What is the minimal set of feature types?  We think it is wise that at least this community come up with a minimal set of feature types. Now there may be extensions to those that map into your specific definitions of whether this is an "airport" or not. But there should be a minimal set of feature types. And there were some suggestions, and I will come back to those, about how we can achieve this. But that is a perfectly legitimate research topic. And again, this is a topic that is better handled by people who are already working on it, or people who think it is a challenge to compare the needs of different groups on this. We need a minimal set of feature types. We don’t want every type in the world, and we certainly want some kind of standardization.

The next one was natural language query. As you heard from the earlier speaker, natural language query should be supported. There are perfectly legitimate reasons why you would want to be able to use natural language in your form of query. Sometimes your data sources happen to be structured in a way that it would be easier just to give it that way, rather than make up a formal structure query.
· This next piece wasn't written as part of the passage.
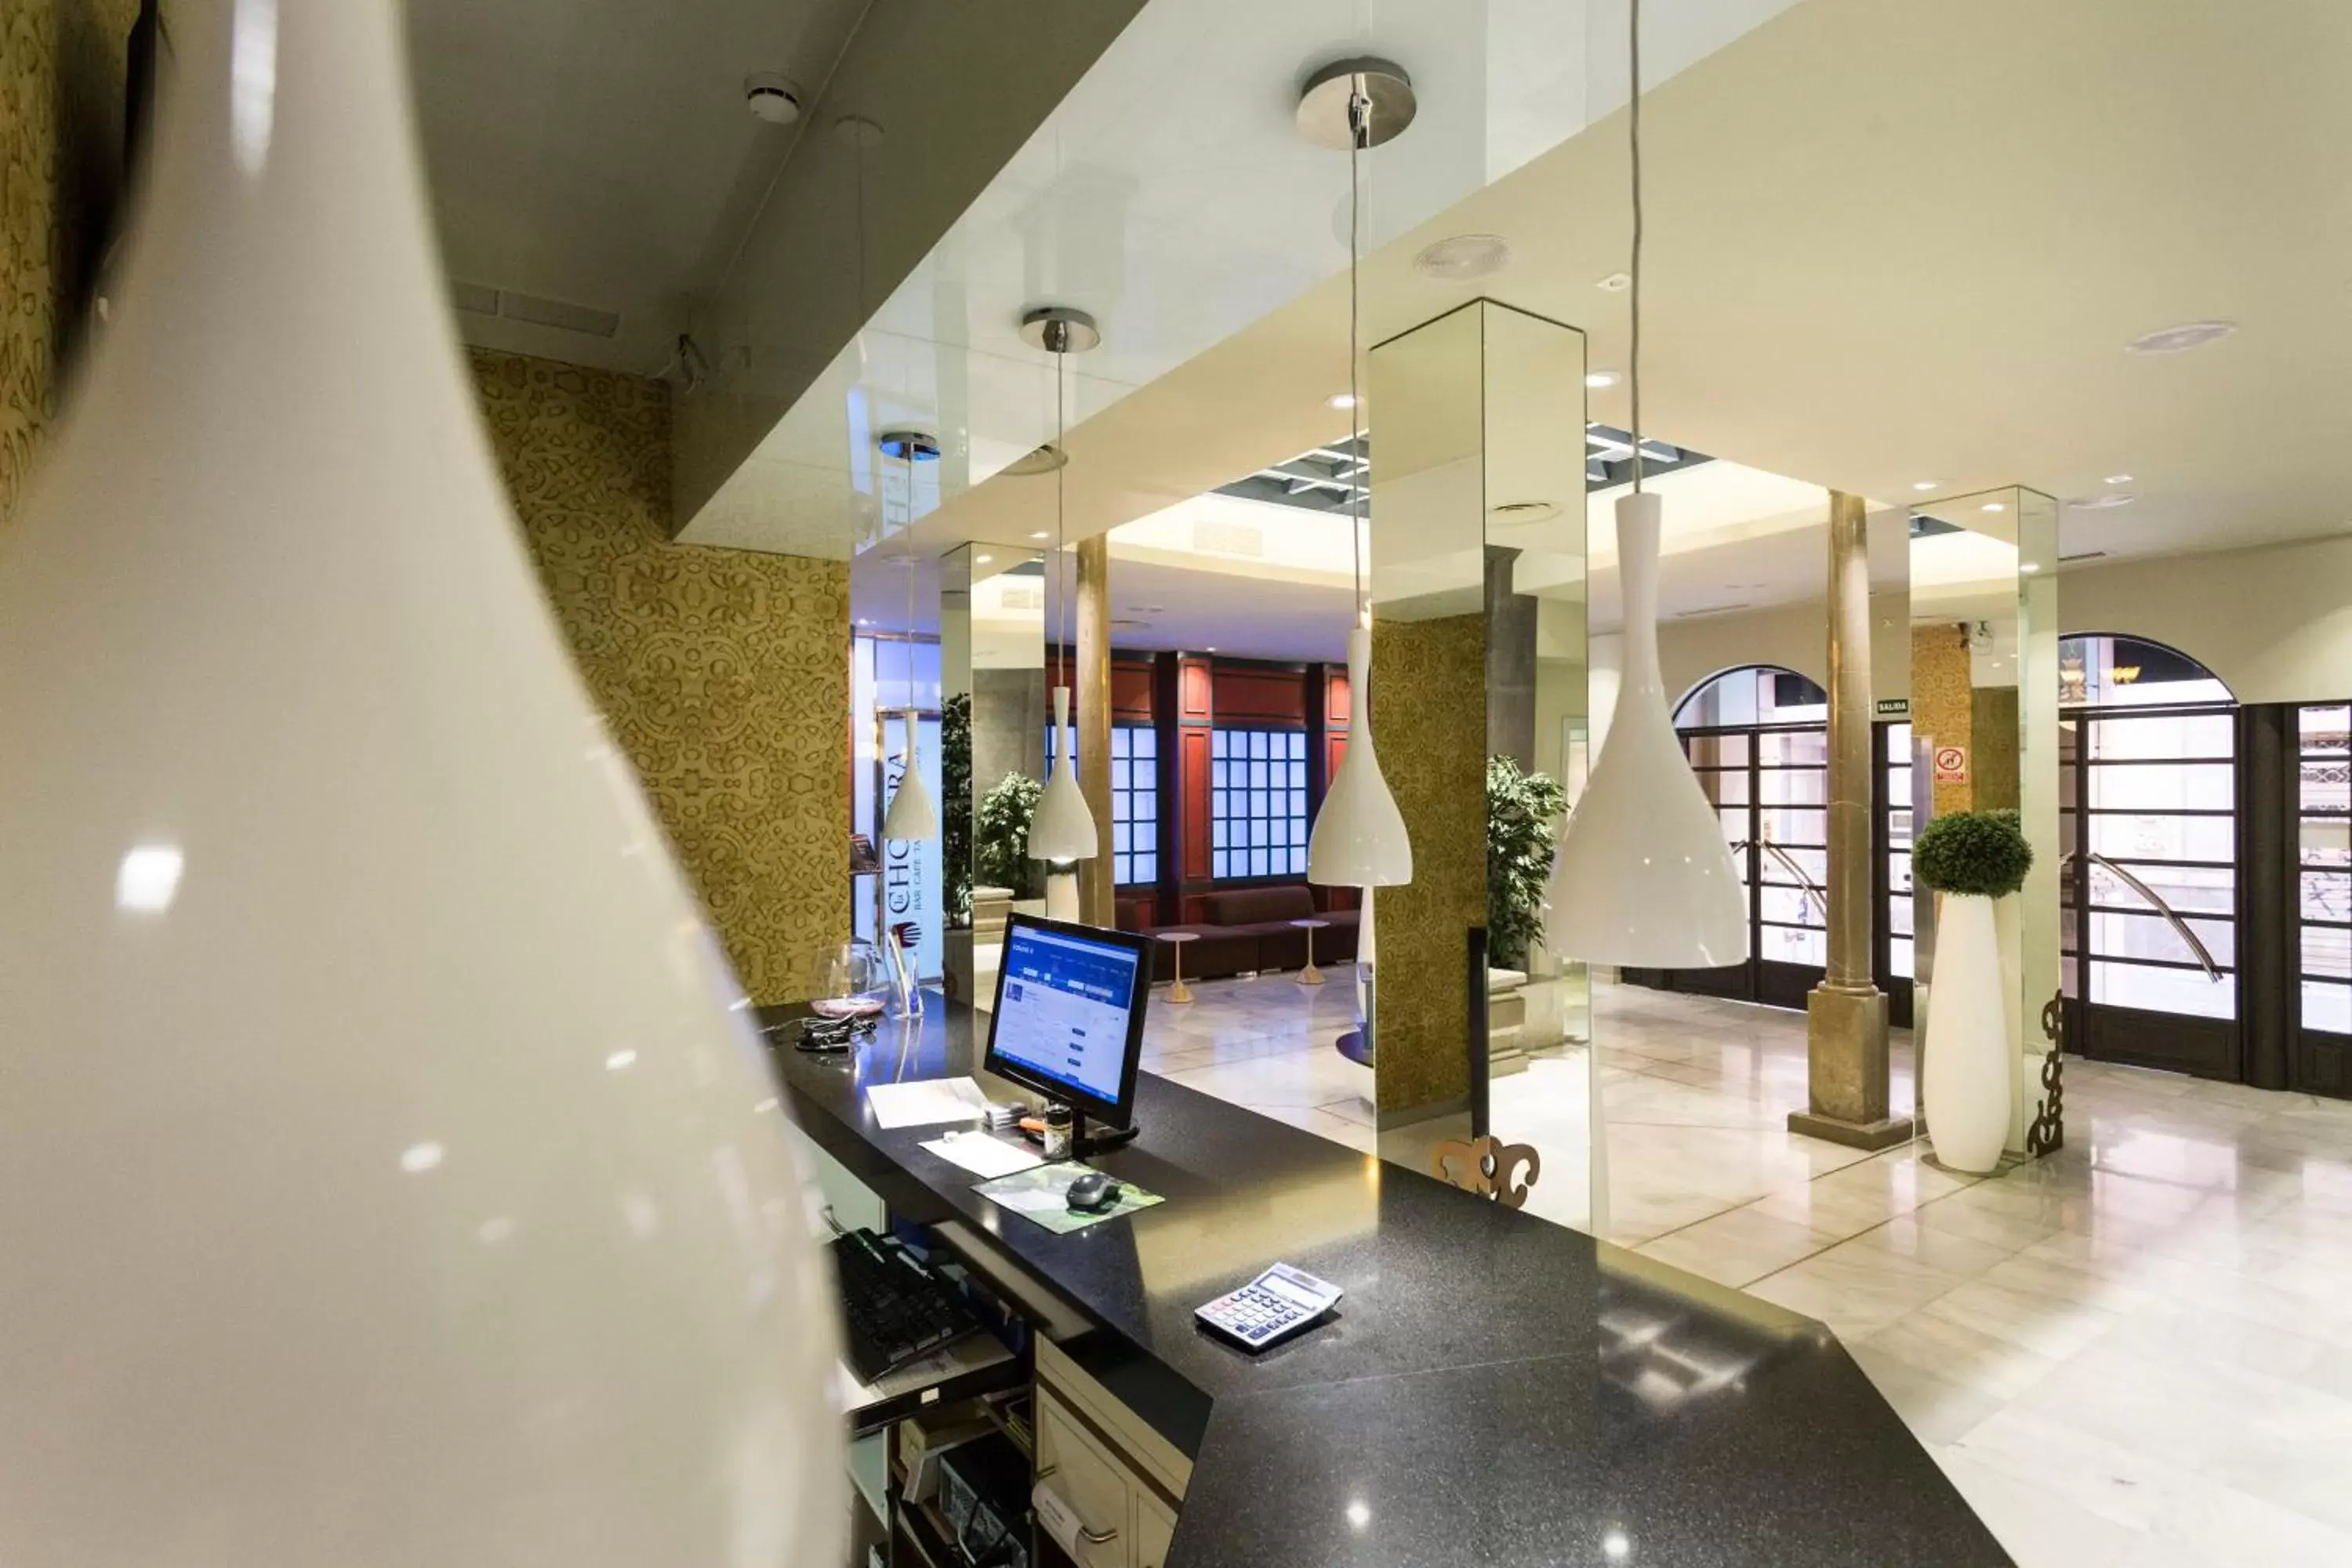 Lobby or reception, Lobby/Reception in Hotel Comfort Dauro 2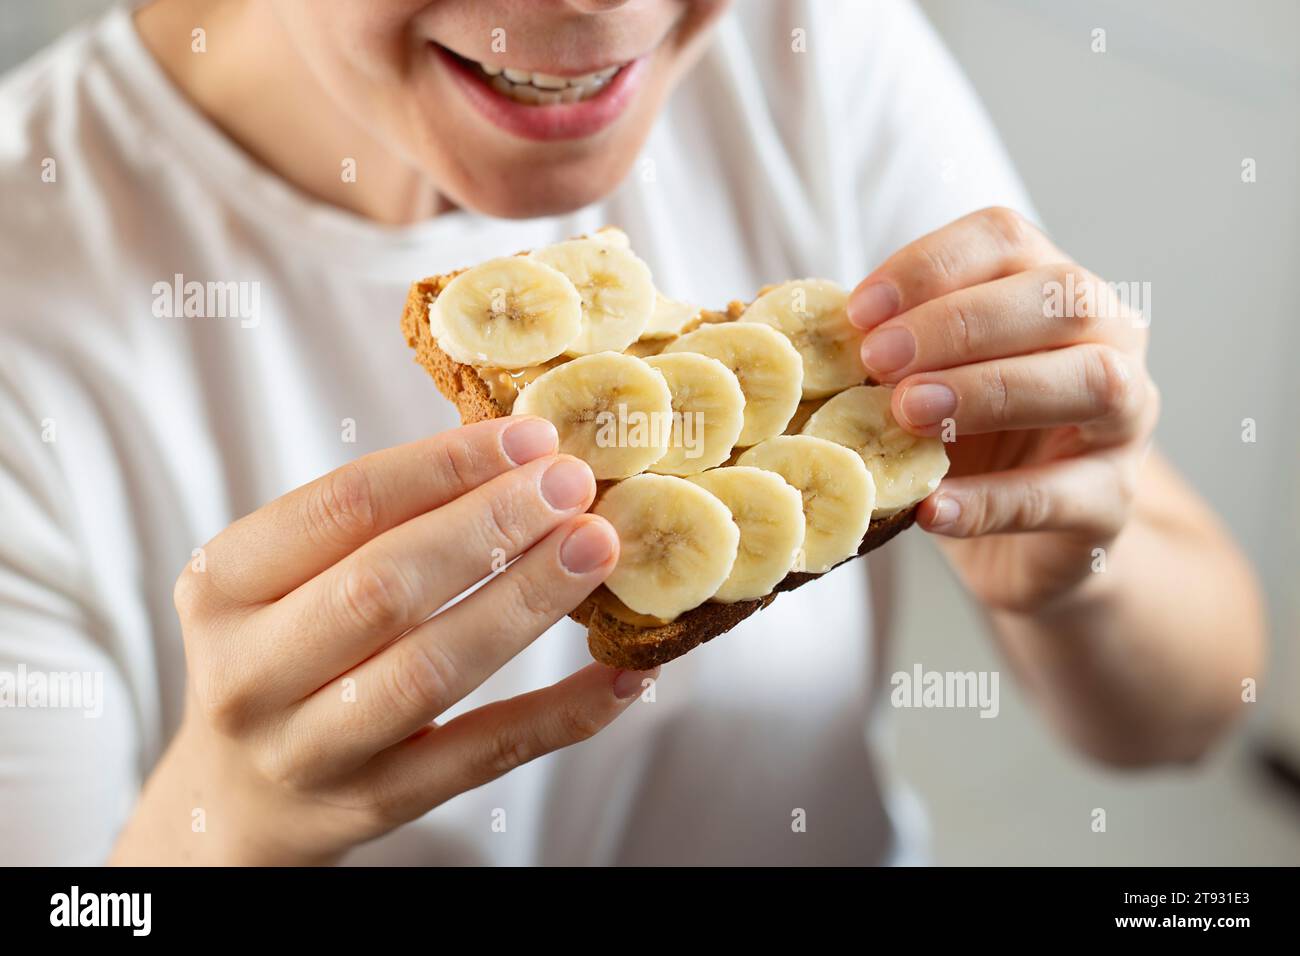 Manger un sandwich avec du beurre de cacahuète et de la banane. Concept de petit déjeuner américain. Banque D'Images

OK, then we want to determine if there is a level of metric accuracy that is sufficient for a geo-query. And what does this mean? Well, basically this is an excellent research topic. Just how accurate do the coordinates that you have in your dataset have to be? Strictly again, we are talking about gazetteer type datasets, defining a feature, an area, linear, or point feature. Just how accurate do those coordinates have to be?  And equally, how accurate do the coordinates have to be if you are doing a coordinate query of a dataset. Do you stop at whole degrees?  Do you have to say that the coordinates in your dataset, even if they are envelopes, are plus or minus a certain level of accuracy?  Or have so many places of significance in your numbers?  There should be some way to put that kind of a parameter in there. But, before we do that, we also need to know what is a minimal level that is sufficient for a typical query. There is some discussion that says there is no minimal level. That it depends on the kind of query. That might be legit. There are also others that say, hey, we are going to take your query, we’re going to expand it by a certain factor, and we are going to give you everything inside of that whole envelope anyhow, that expanded envelope. So there was some discussion, but that is a perfectly legitimate research topic.

 Now this is not a list of all possible topics. This just happens to be the ones that came up the most. How do we then go about with the collaboration on here?  Well, we only have two kinds of collaboration, because right now we are talking about two particular issues. One is to use an OGC type process to develop the content and service components, parameters, etc. The minimal content and/or a reasonable extended content, and this (the ADL Gazetteer Content Standard) is a good start, and the service interface. The OGC type procedure is an interactive type procedure. It involves a lot of people who are already in the business sitting down and prototyping and carrying it on from there.

We thought, perhaps, there might be at least four communities of people that would be willing to get involved in this type of OGC activity.

Then the other topic was, how do we push the research issue of coming up with feature types? One suggestion was to start with the SDTS, Spatial Data Transfer Standard, Part II, as a starting point for feature types, and to work with people who are already involved, who already have a list of feature types in their own gazetteers. And put up a matrix, if you will, and start comparing and seeing what is a minimal set. What differences are there? What can we live with? What can we negotiate, what do we have to change?  But this is a perfectly legitimate research topic, and this is one that has to be solved before you can go on.

At that point we sort of ended. But there is still one open issue. If you are going to do away with gazetteers, we still have to name it something. Some suggested replacements for "gazetteer" are: nom de loc, digitteer, geoindex, repertoire, and then we ran out. With that, that’s the end of my talk.

Mike Goodchild -  Any questions, any further comments from Group 2?

Doug - "Geographic locator" is a possible name.